How to Build Your Credit from Scratch - Credit Cards Can Help

So, you have no credit history? Find the best credit card to help build your credit by following these expert tips.

By Allan Halcrow | American Express Credit Intel Freelance Contributor

4 Min Read | January 31, 2020 in Credit Score



Two main things are required to build credit from scratch: payment history and time.

You can use credit cards to build credit, along with loans and ‘alternative data’ sources such as utility and rental payments.

It’s important that your payment history is visible to lenders.

Baking from scratch usually requires many ingredients. But there’s a simple recipe to build credit from scratch, with just two main ingredients: payment history and time.


Whether you’re a student just beginning to build your financial profile or a new resident trying to establish credit in the U.S., ultimately you need to prove to lenders that you can handle your financial obligations. Experts say the best way to do that is to consistently make your credit card, loan, or other payments on time. And to build up good credit from scratch, you’ll want to focus on payments that are tracked by the three major credit-report bureaus.


Best Credit Cards to Build Credit

Experts say not having a varied mix of debts can hurt your credit profile,1 and the best place to start building may be with a credit card. But the best credit card to build credit may be different for different people. A retailer card, a card with a cosigner, becoming an authorized user on an existing card, or a secured card all could be viable options for building your credit.

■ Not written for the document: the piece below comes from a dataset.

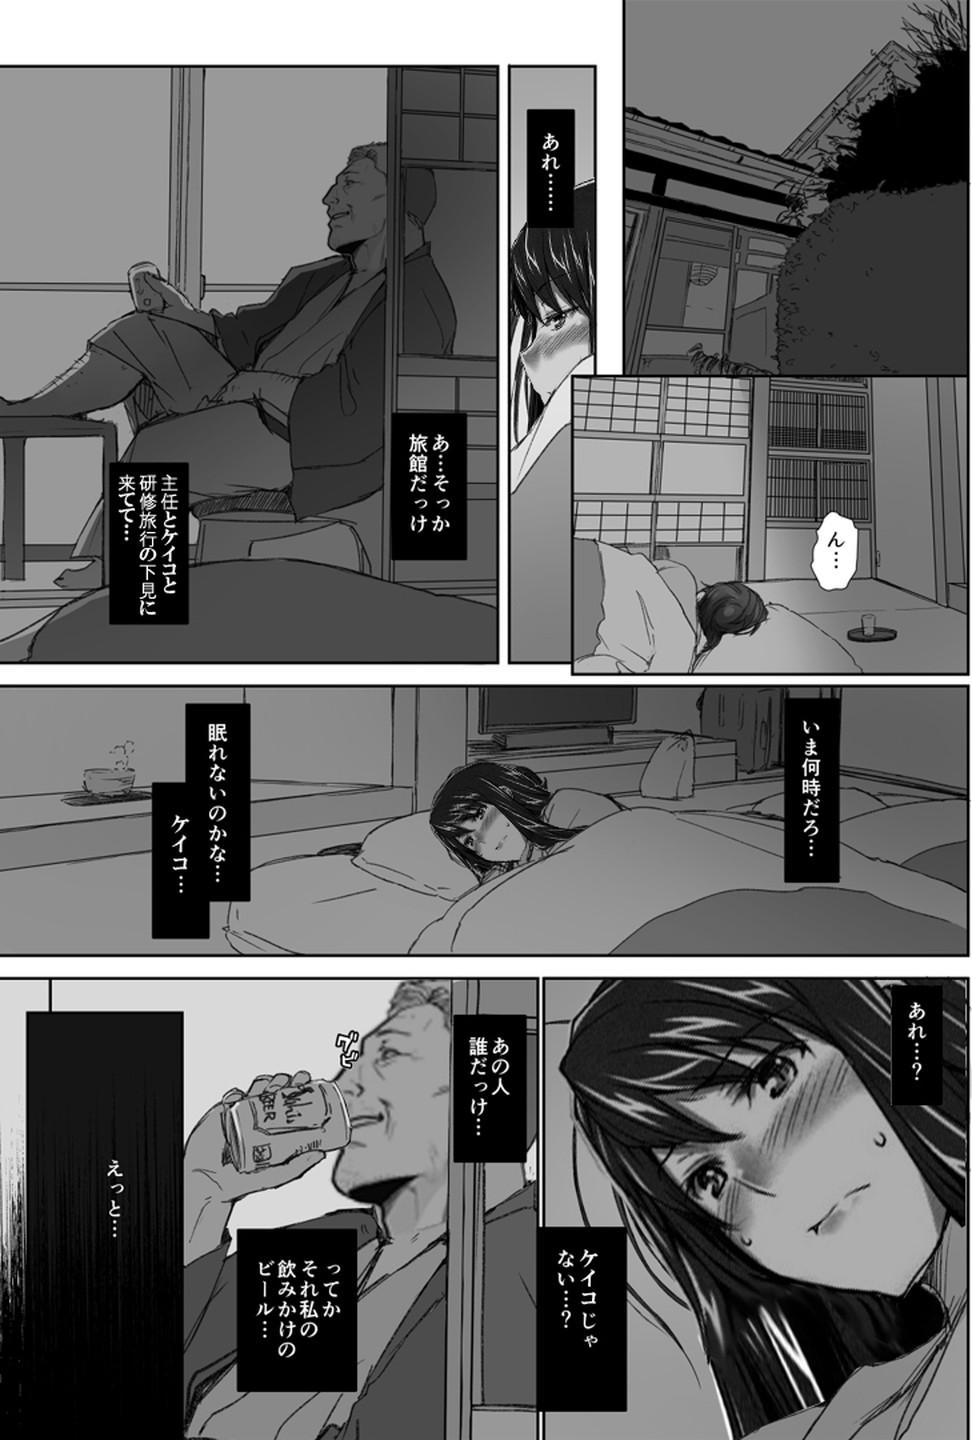 Sakiko-san in delusion Vol.1 Ver.1.1 ~Sakiko-san's circumstance at an educational training~ Stupid Sakiko (collage) on-going 128

  • Retailer. If you’re just starting out, it may be easier to get approved for a retailer’s store credit card than for a general credit card, though retailer cards usually charge high interest and have low credit limits.2 You may also be able to get approved for a general credit card that offers a low credit limit and charges higher interest.
  • Cosigner. If those options don’t pan out for you, you can get a cosigner. Keep in mind that you and your cosigner are jointly liable for all charges.
  • Additional card member. You can also be designated an authorized user/additional card member on someone else’s card. In that case, the owner of the card you’re authorized to use is solely responsible if you don’t pay your charges. But note: if you’re an authorized user of another person’s credit card, his or her payment habits can affect your score, too.
  • Secured. Another option is a secured card, which requires you to make a deposit equivalent to the credit limit you’re given. If you manage the card responsibly for a few months, you can usually convert it to a regular credit card. Be sure that the secured card issuer reports to the credit agencies.


Build Credit With a Loan in Your Own Name

Another, more complicated way to build credit from scratch is to take out a loan. Student loans are one option—but only if you’re a student, of course. Auto loans are another option. Some car dealers offer programs for students and/or first-time buyers that might allow you to qualify for a loan for which you otherwise wouldn’t be eligible.3


If you aren’t able to get a loan on your own, you may consider getting a cosigner. But as with credit cards, loan cosigners will be liable for the debt if you’re unable to make the payments.


If all else fails, get a credit builder loan. When you’re building credit from scratch, another option is a credit builder loan. After you’re approved for such a loan, you essentially make payments into a savings account that a financial institution sets up for you. You make monthly payments (plus interest) until you’ve paid the entire amount of the loan, at which point you get access to the funds. Because these loans exist to help consumers build credit, your payments will show on your credit report. These kinds of loans are usually offered by small community banks, credit unions, and online lenders.


Consider Leveraging ‘Alternative Data’

In addition to using a credit card to help build credit and/or consistently paying down a loan, you may be able to build your credit by leveraging payments you’re already making.


Some lenders now consider “alternative data,” such as payments to your landlord, utility provider, or cell carrier. Although those entities typically don’t report to credit bureaus, some of them—such as utilities—may do so if you ask. Another option is to pay your rent using one of several online payment platforms, which can build your credit history if you explicitly opt to have those payments reported to the credit bureaus. Although doing so is still uncommon (less than 1% of credit files include rental entries4), it can be helpful.


One downside of these alternative data options is that the payees must cooperate, which they aren’t obligated to do. Also, it may cost you—some service providers charge an enrollment fee, a monthly fee, or both. You’ll want to know about such charges before choosing a service. And finally, keep in mind that experts say using rental payments is not as efficient at building credit as other options.5


Whichever path you choose, it will take at least six months to begin establishing your credit, experts say.6 But building credit is a long game: the longer your history (assuming you pay on time), the more you’ll be rewarded.


The Takeaway

To build credit from scratch you’ll need to establish a payment history that shows on your credit report and maintain it for at least six months. It’s often fastest and best to use credit cards to build credit, but two other vehicles also can be key: loans and alternative data sources such as utility and rental payments.

Allan Halcrow

Allan Halcrow is a freelance writer concentrating in business, human resources, and diversity and inclusion. He is also the author of four books on management.